Cassowaries are generally quite shy and prefer to avoid humans, but they are territorial and very dangerous if they feel threatened. Despite this, people in PNG today still raise and trade the birds, making use of their meat, bones, feathers and eggs. There's also a long historical record of these birds being traded.
"Cassowary chicks imprint readily to humans and are easy to maintain and raise up to adult size," the team writes in their paper.
A modern day cassowary chick in PNG. (Andy Mack/Penn State University)
Humans reached this part of the world around 42,000 years ago; compared to the later impacts of farming, hunter-gatherers were thought to have had a relatively minimal impact on their environment.
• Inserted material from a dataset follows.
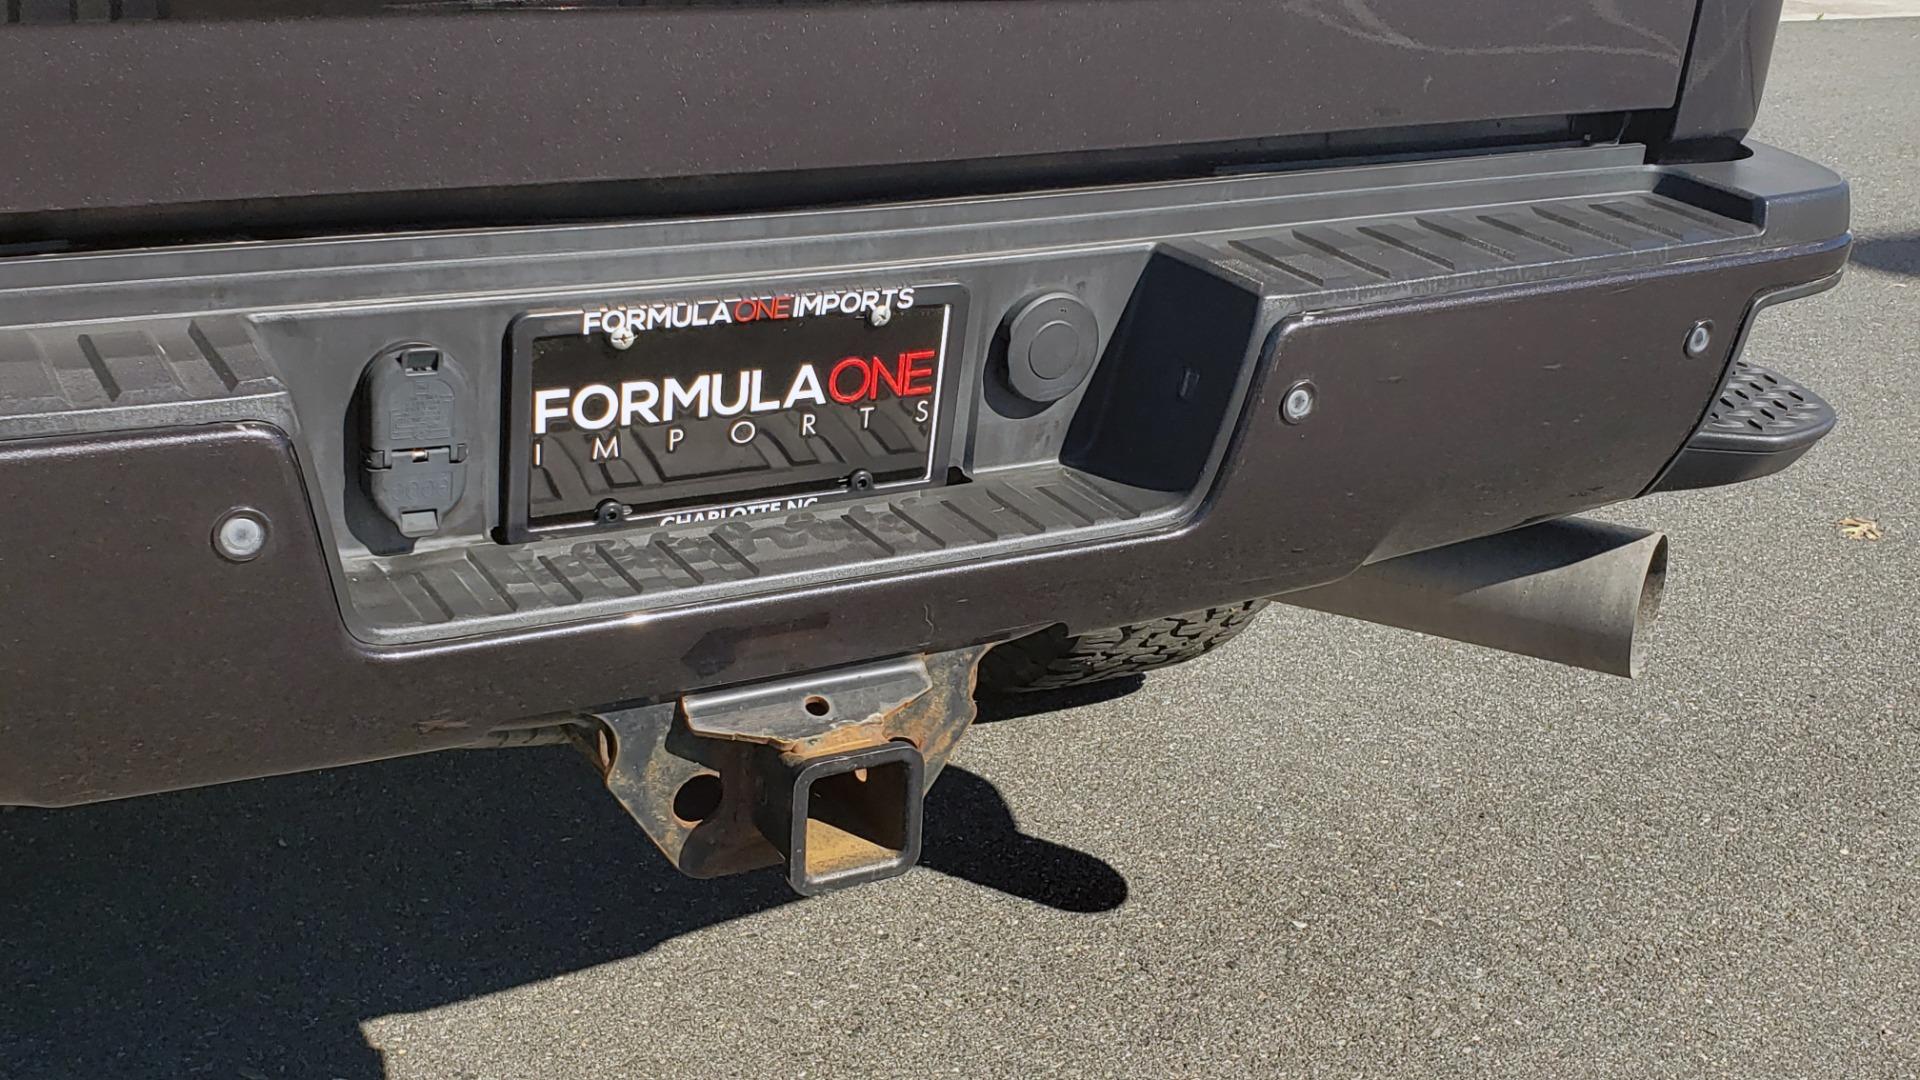 Used 2015 GMC SIERRA 2500HD DENALI 4WD CREWCAB / 6.6L DURAMAX / 6-SPD AUTO / NAV / BOSE for sale $50,995 at Formula Imports in Charlotte NC 28227 34

But this study suggests foraging communities did shape their environment in unexpected ways.
"Intergenerational knowledge of many Indigenous peoples, which indicates that traditional land owners and their ancestors have intentionally and intensively cultivated expansive landscapes, in some cases for millennia," the team writes.
Around the world, most ratites – the group of large flightless birds that also includes ostriches and elephant birds (Aepyornis maximus) – went extinct soon after humans arrived in their regions. Cassowaries are a rare exception.
The eggshell analysis used here has the potential to help us understand why many other large flightless birds did not make it, the team said.
For now, at least, cassowaries are still feasting on fruits in Australasian rainforests, making weird noises as they go.